Глава седьмая

С утра в кузнице снова закипела работа. Только теперь возле Ниуна стоял старый его учитель и внимательно следил за тем, чтобы тот выполнял все точно и правильно. Сначала они раскалили твердое железо добела, не забыв бросить в печь горсть травы из мешочка колдуна.

Она мгновенно вспыхнула и исчезла, словно ее и не было. Ниун недоуменно пожал плечами, но возражать не стал: раз надо, значит, надо. Затем он изготовил тонкий прут и удовлетворенно кивнул, почувствовав, что на сей раз металл более податлив и послушен. Сделав второй прут, уже из мягкого железа, Ниун сначала нагрел оба стержня, а уж потом перевил их.

Когда под молотом начала образовываться широкая лента, старик придвинул Ниуну плошку с порошком, сделанным из угля и травы. Ниун посыпал ленту тонкий ровным слоем порошка, сложил ее пополам и снова застучал по ней молотом.

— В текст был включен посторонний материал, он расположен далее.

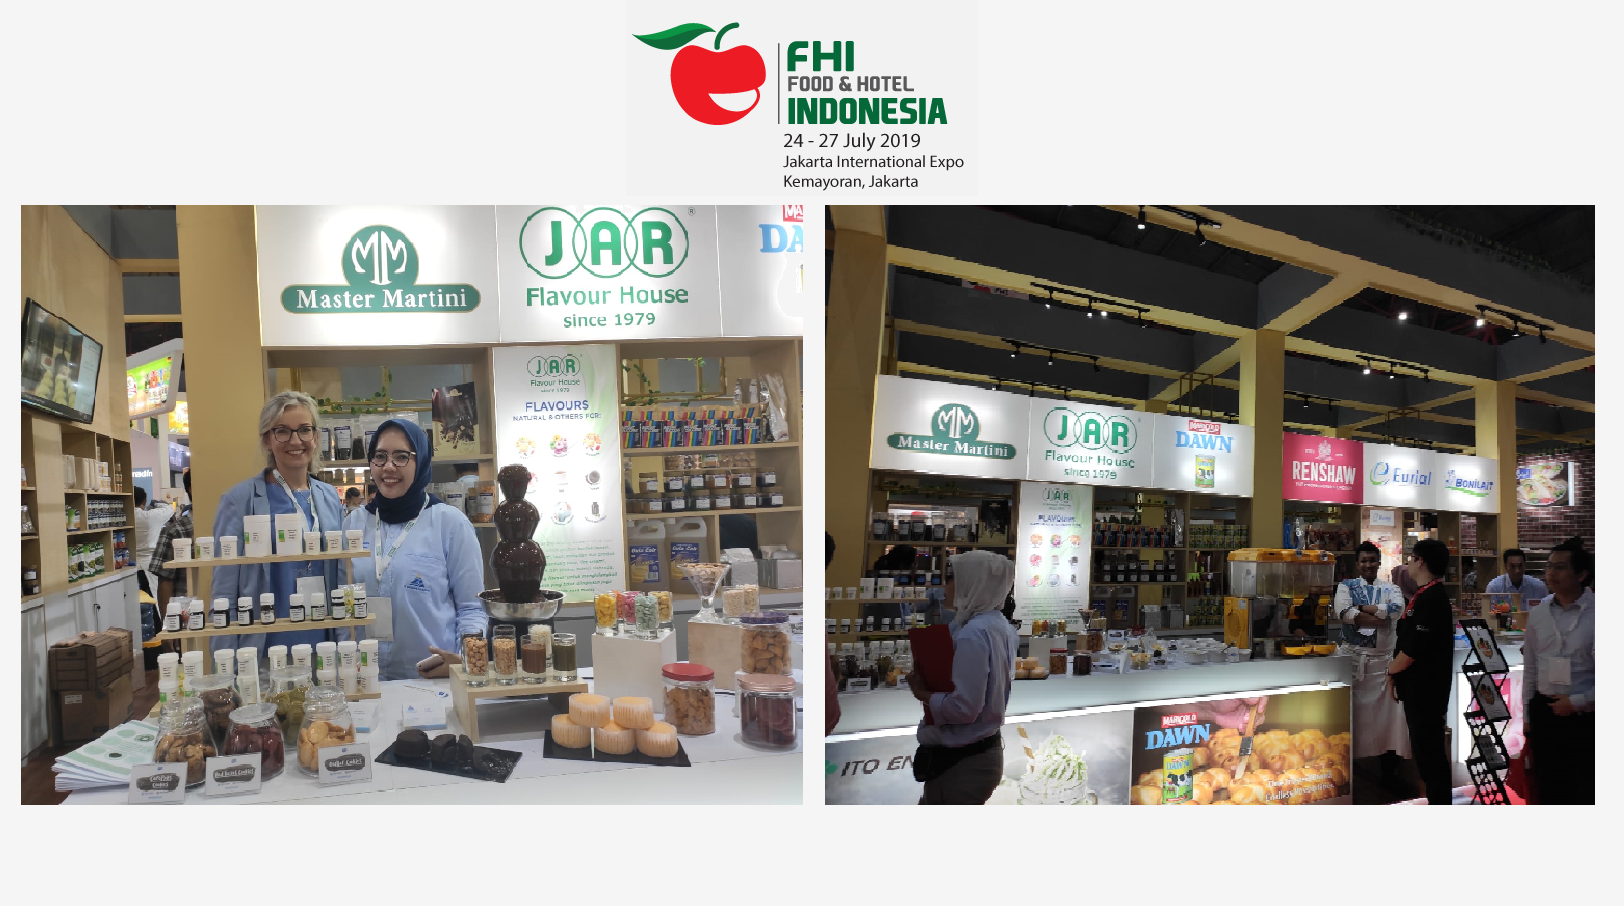 Jakarta, International EXPO, Indonesia 2019 - JAR Aromaty Flavour House
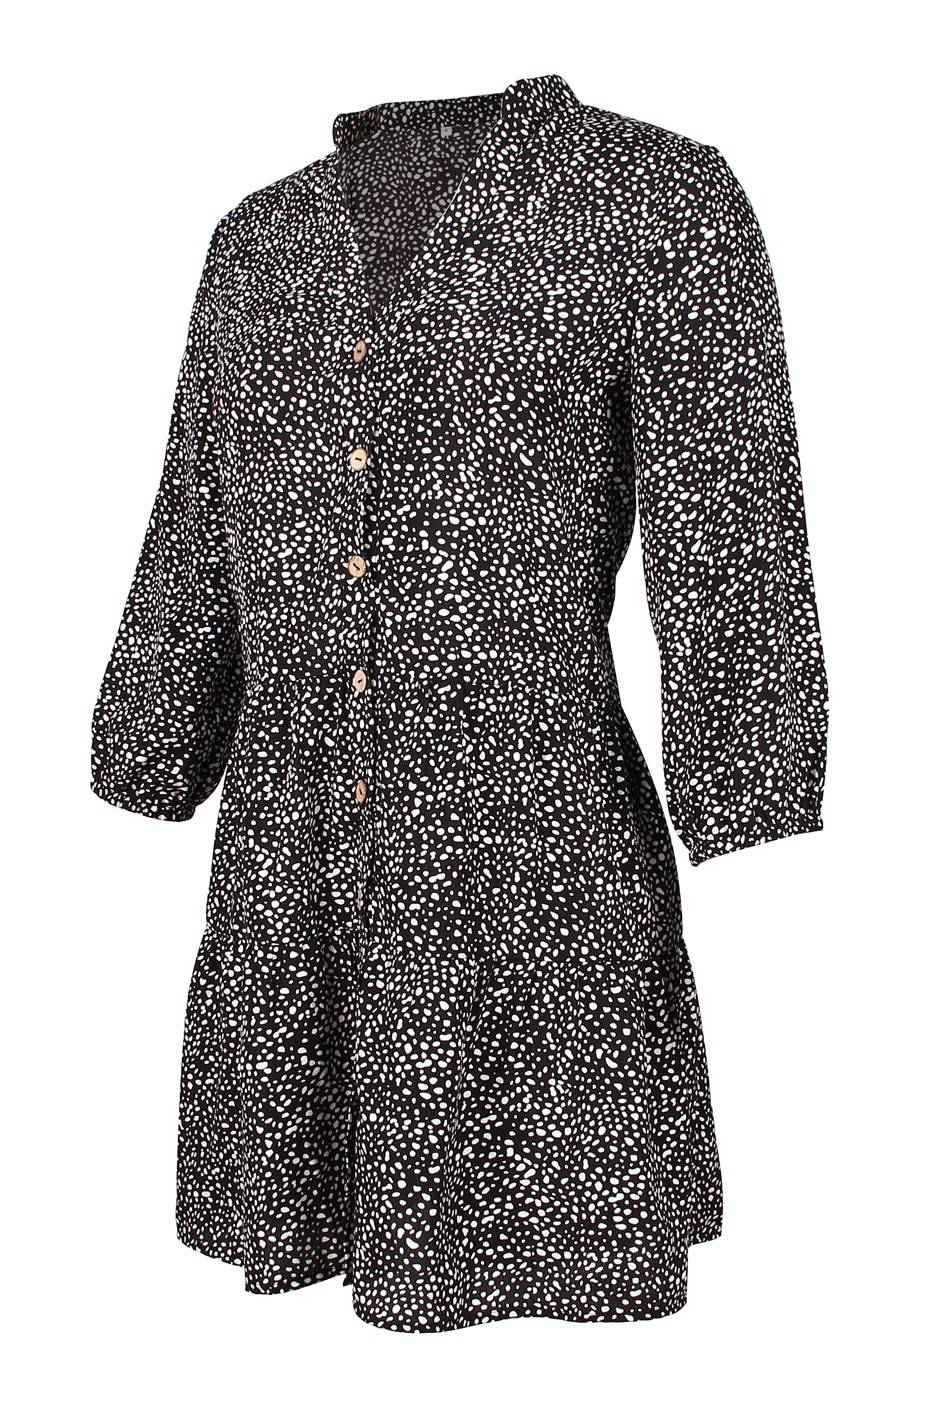 Single breasted print v-neck three quarter sleeve mini dress

Почти месяц он грел металлическую ленту, ковал ее, пересыпал порошком, складывал и вновь ковал. Ему уже начало казаться, что это никогда не кончится, как вдруг старик остановил его, щуря подслеповатые глаза, осмотрел

— Завтра ты проделаешь все это еще раз, потом насадишь клинок на рукоять и побежишь с ним. Только запомни: бежать надо по открытому месту, чтобы ветер все время обдувал лезвие. Остановишься только тогда, когда клинок совсем остынет. И да укрепит Кром твои руки, потому что, если уронишь меч на землю, считай — зря трудился. А сейчас заканчивай работу. Завтра тебе понадобится много сил. Иди домой, поешь как следует, выспись. Если дашь слабину — погубишь свой труд.

И вот наступил этот решающий день. Казалось, все Светлые Боги улыбались Ниуну: небо закрыли легкие облака, солнце было нежарким и ласковым, дул легкий приятный ветерок.

Ниун обмотал бедра полоской ткани, чтобы лишняя одежда не мешала ему бежать, надел на ноги сапоги из мягкой кожи и, подняв над головой меч, словно бросая вызов небу, бросился бежать прочь от деревни. Сначала ему было легко и радостно: осталось совсем немного, и он узнает судьбу своего еще не родившегося сына.

Он бежал и думал о Маев, живот которой уже заметно округлился и иногда ходил ходуном, когда беспокойный малыш стучал в него сильной пяточкой, о милом розовощеком мальчишке, которого он скоро возьмет на руки, о старике и его большом добром сердце, которое так легко простило обиду, и даже о колдуне, казавшемся сейчас Ниуну милым и симпатичным.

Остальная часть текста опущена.